Things have gotten a little quieter on the hiking front in recent weeks now that I’m back at work and our weekends have been filled with various tasks and things. This is a post from a wonderful evening walk I made on the 2nd of January this year.
I had been wanting to go up on the mountain for ages as it is such an amazing place to have right on the edge of our city. There’s very few places in the world that can claim such a stunning playground within minutes of the CBD.
The sun was beginning to set as I drove up to the summit, stuck behind a slow moving tourist as always haha. There had been a little bit of mist on the drive up but it gave no clues as to how incredible it would be up on the summit.
As I left the car park and made my way down the South Wellington track, the mist was lopping its way up and over the top of Mount Wellington. Visibility was down to a few feet and the atmosphere was really quite special. I turned back to see if I could see our car and was greeted with something I never expected to see, a Brocken Spectre! It’s a really cool phenomenon whereby your shadow is cast onto clouds opposite the sun’s direction.

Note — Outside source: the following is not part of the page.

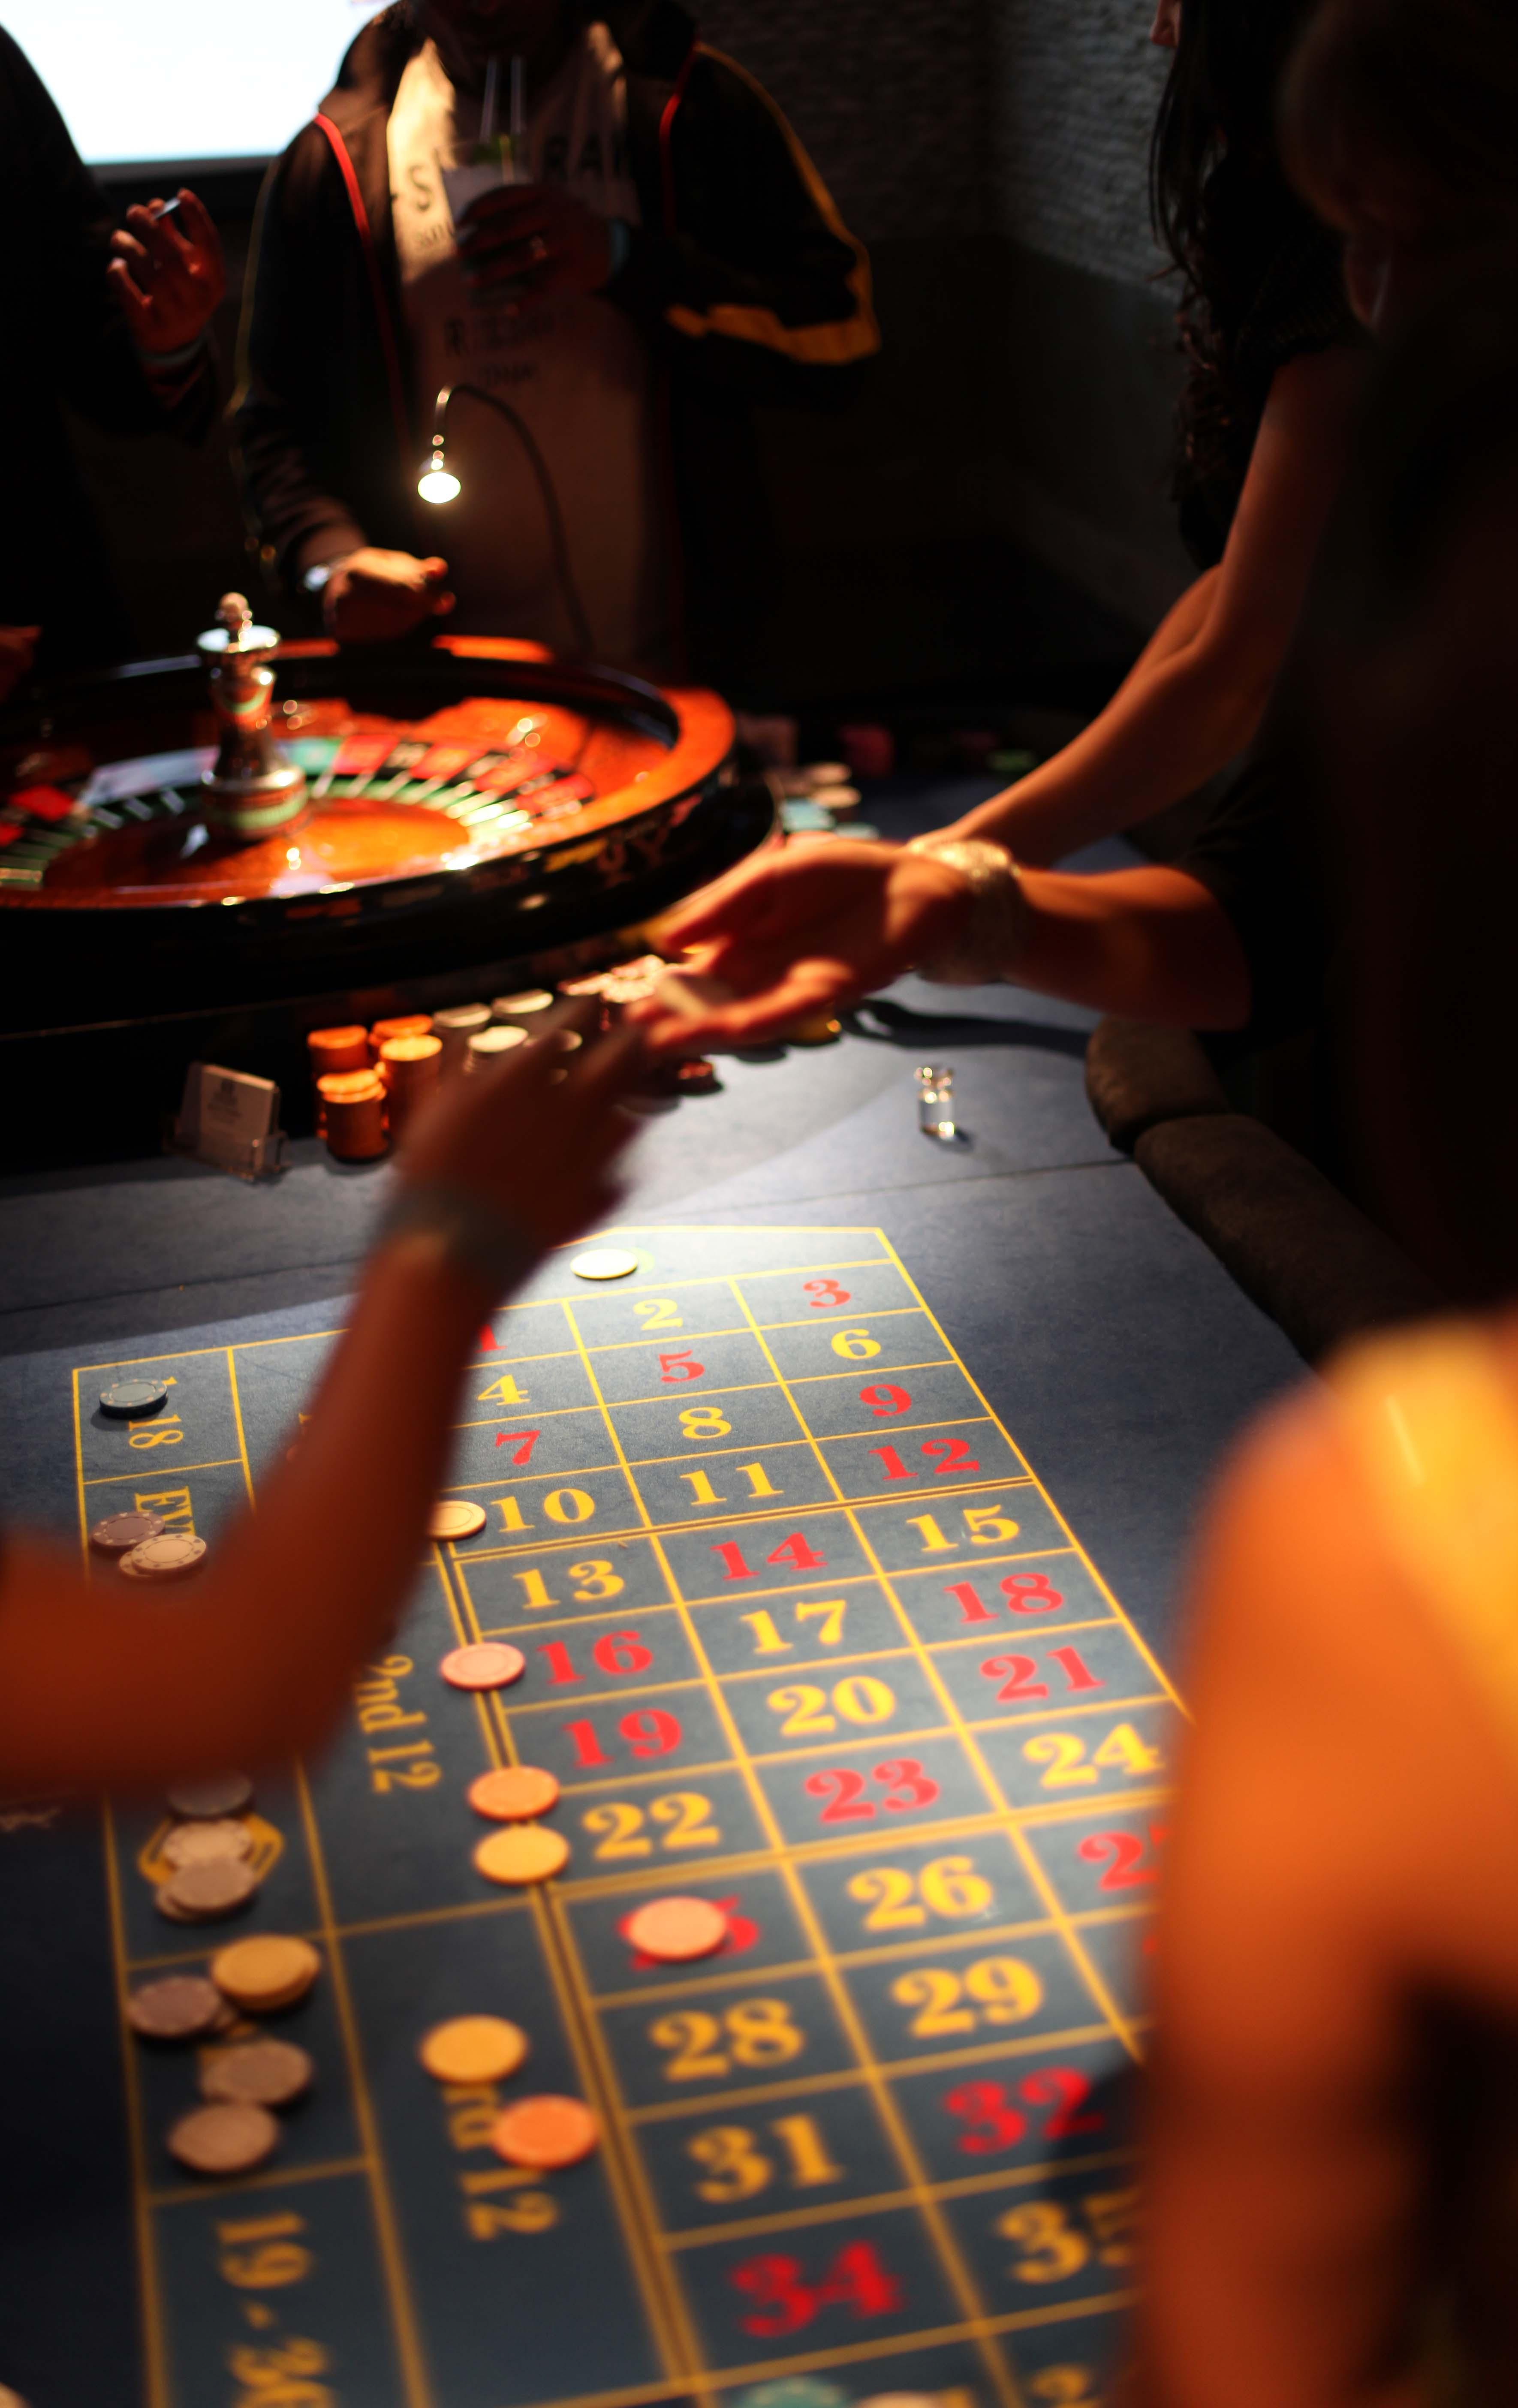 Gambling benefit fund

Within a few minutes, I was away from the “crowds” and had the whole place to myself, not another soul on the track. Bliss. I had gone up initially to try and get a nice sunset photo from the summit and then head back to the car. Something drew me forwards though, onwards into the mist and further down the track.
The colours of the alpine vegetation at this time of year are just exquisite! It’s always the punchy bright colours that people rave about but the muted palette of Tasmania’s mountain flora poops all over them if you ask me. I actually got a bit emotional at one point, looking around me at all the splendour and combined with the atmospheric conditions. I remember saying out loud “I don’t deserve this, this is too amazing”……several times, it was just….special. It just reinforced my appreciation for this place and its beauty.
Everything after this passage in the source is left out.